Pyloric Stenosis in a Patient with CEDNIK Syndrome
Mark A Potesta, Vivian Aldana, Samit Patel

TL;DR
This paper reports a rare genetic disorder called CEDNIK syndrome and its complications in a four-month-old patient with pyloric stenosis and developmental delays.
Contribution
The study contributes a new clinical case of CEDNIK syndrome with idiopathic pyloric stenosis and discusses its systemic implications.
Findings
The patient exhibited failure to thrive, gastroesophageal reflux, and hypotonia, alongside CEDNIK syndrome features.
Idiopathic pyloric stenosis was identified as a complicating factor in the patient's condition.

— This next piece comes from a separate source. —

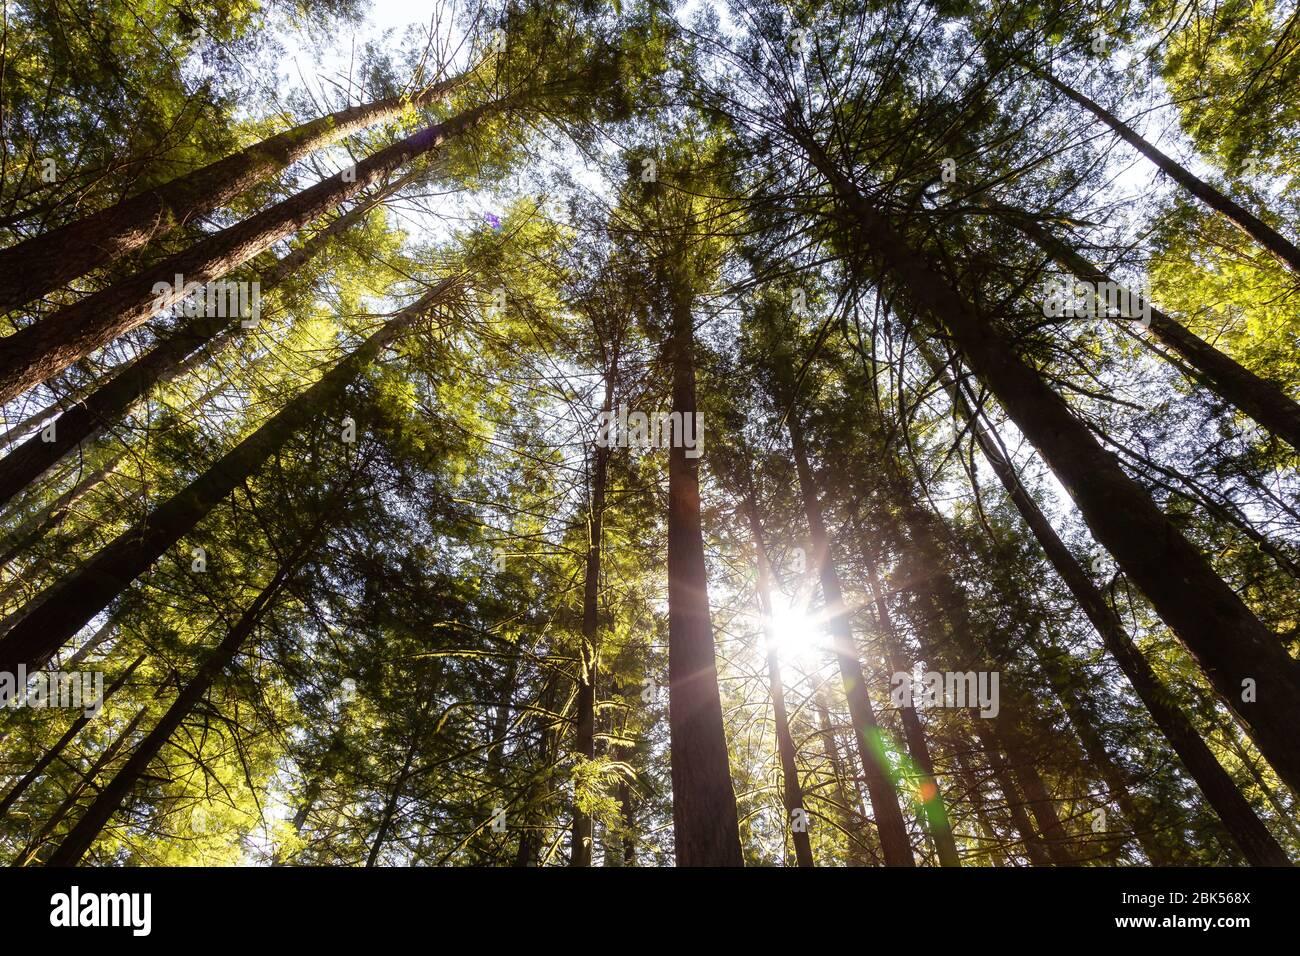 Squamish, near Vancouver, British Columbia, Canada Stock Photo

The case highlights the need for coordinated care to manage systemic manifestations of CEDNIK syndrome.
Abstract
We present a rare neurocutaneous genetic disorder where patients develop a combination of cerebral dysgenesis, neuropathy, ichthyosis, and keratoderma, commonly known as CEDNIK syndrome. It is an autosomal recessive inheritance involving the SNAP29 protein, mapped to the 22q11.2 gene. Phenotypic variation is seen with this disease, with clinical manifestation of developmental milestone delays ranging in severity. With only a handful of documented cases, available research, management of the syndrome, and prognosis are not well established. As CEDNIK syndrome has systemic implications, care coordination between specialists is essential in improving patient outcomes. Particularly important is preventing patients from meeting the criteria of failure to thrive, a commonly reported issue. In this case, we present a four-month-old male with a past medical history of pyloric stenosis…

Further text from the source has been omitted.